За нарами, у торцевой стены землянки притулился фанерный ящик, служивший ей столом. Люська на нём ела и писала письма. Вернее, одно письмо. Которое, не смотря на все старания, получалось неровным, некрасивым и с помарками. Его приходилось сжигать и писать заново. Потом ещё и ещё. Все девять лет она писала про то, как на заводе в первый раз появились горцы и стали сгонять всех на выборы Дудаева, и про то, что потом русских стали массово увольнять, а зимой в собственном гараже убили мужа Федю и угнали машину, но тогда уже убивали многих — и её подругу по ОТБ Елену Ивановну, которая ветеран войны, убили и вынесли всё из квартиры, и соседа Петра Трофимовича, что с 1905 года рождения, ударили девять раз ножом и изнасиловали дочку на той же кухне, и потом тоже зарезали. Саму Люську два раза избивали, врываясь в квартиру, ломали рёбра и пробивали кастетом голову, сначала забрали всё ценное — хрусталь, ковры, цветной телевизор, а потом и вовсе приказали убираться на улицу. Тогда они с сыном спрятались в частном домике у Осиповых. Костю тоже много раз били и раздевали, хотя он работал на стройке дворца Закаева, за еду. В 95-м, когда начался штурм, в домик попала авиабомба, и после они жили в яме, где раньше хранились овощи. Русские солдаты быстро ушли, а им уехать было не на что. Да и чеченцы больше никого не отпускали.

Дальше письмо никогда начисто не получалось, приходилось сжигать и начинать заново. И с каждым разом писала Люська реже — становилось всё труднее найти хорошую, неиспользованную бумагу. А ведь нужно было рассказать сестре ещё и о том, как Костеньку под Новый 1997-й год схватили прямо около автовокзала, запихнули в «жигули» и увезли в горы, а когда через год он вернулся из рабства весь растерзанный, тощий, беззубый, то каждую ночь рвался куда-то убежать. Люська, как могла, сторожила сына, но однажды тот всё-таки ускользнул. Она искала, бегала по ближним и дальним улицам под красно подсвеченным пожарами низким небом, звала, звала, а потом вдруг подумала, что он может прятаться в их бывшем гараже.
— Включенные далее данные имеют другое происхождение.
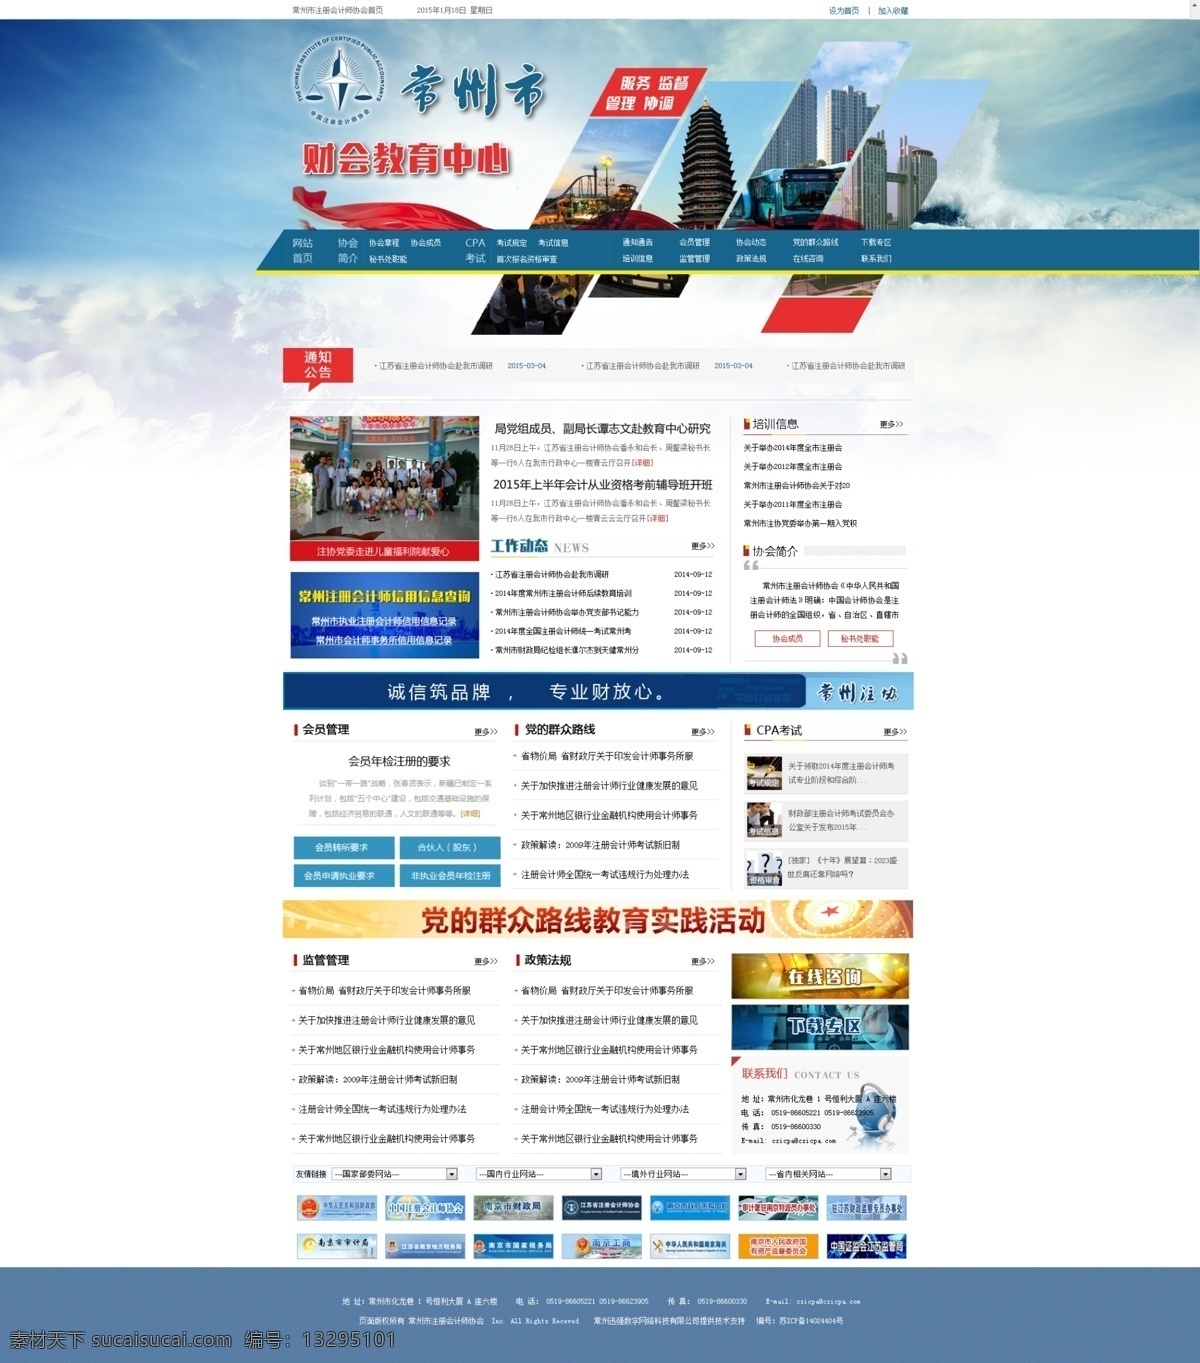 企业网站 中文网站 蓝色网站 模板网站 模板 政府网站 web 界面设计 中文模板

В это время пошёл снег. Огромные кружащиеся хлопья залепляли черноту руин, влажно клонили ветви самшита и заслоняли, отдаляли багровые всполохи нефтяных факелов над промзоной.

Когда она потянула подпёртую какой-то палкой железную гаражную дверь, оттуда страшно пыхнуло и навстречу ей с громом рвануло облако дыма.

Первое, что Люська увидела, придя в себя, — как сквозь испачканное глиной зелёное пальто частыми пятнышками выступает красная кровь. Но это было совсем не больно, ибо над головой в близком и широком небе стоял удивительный по нежной красоте хрустальный звон, как в Рождественскую ночь, когда, если затаить дыхание, то слышишь, как звенят при падении разноцветно сверкающие снежинки. В чудном, частом перезвоне ей стало так легко и светло, так хорошо, что казалось — чуть-чуть, и душа вырвется, взовьётся навстречу этой кристальной нежности! Мир искрился и кружил тихими звуками — «динь-динь-динь… динь-динь-динь…», перезвоны, свиваясь и сливаясь, превращались в частые детские голосочки: «динь-динь-динь…» — «Святый Боже, Святый Крепкий… динь-динь-динь… Святый Бессмертный…» — «Динь-динь-динь… динь-динь-динь…». Да это же ангелы! Это ангелы поют! И опять, только уже подальше: «Святый Боже, Святый Крепкий, Святый Бессмертный…» — и совсем-совсем издалёка — «динь-динь-динь…».

Люська тянулась, из последних сил тянулась к нежно тающим звукам, но что-то мешало, никак не пуская к ним… А! Это же пальто! Это оно своей глиной и кровью не отпускало её в эту кристально чистую красоту. Но сил снять, избавиться от грязной одежды не было. И голоса отходили, отходили. Пока не наступила полная тишина. Тишина навсегда.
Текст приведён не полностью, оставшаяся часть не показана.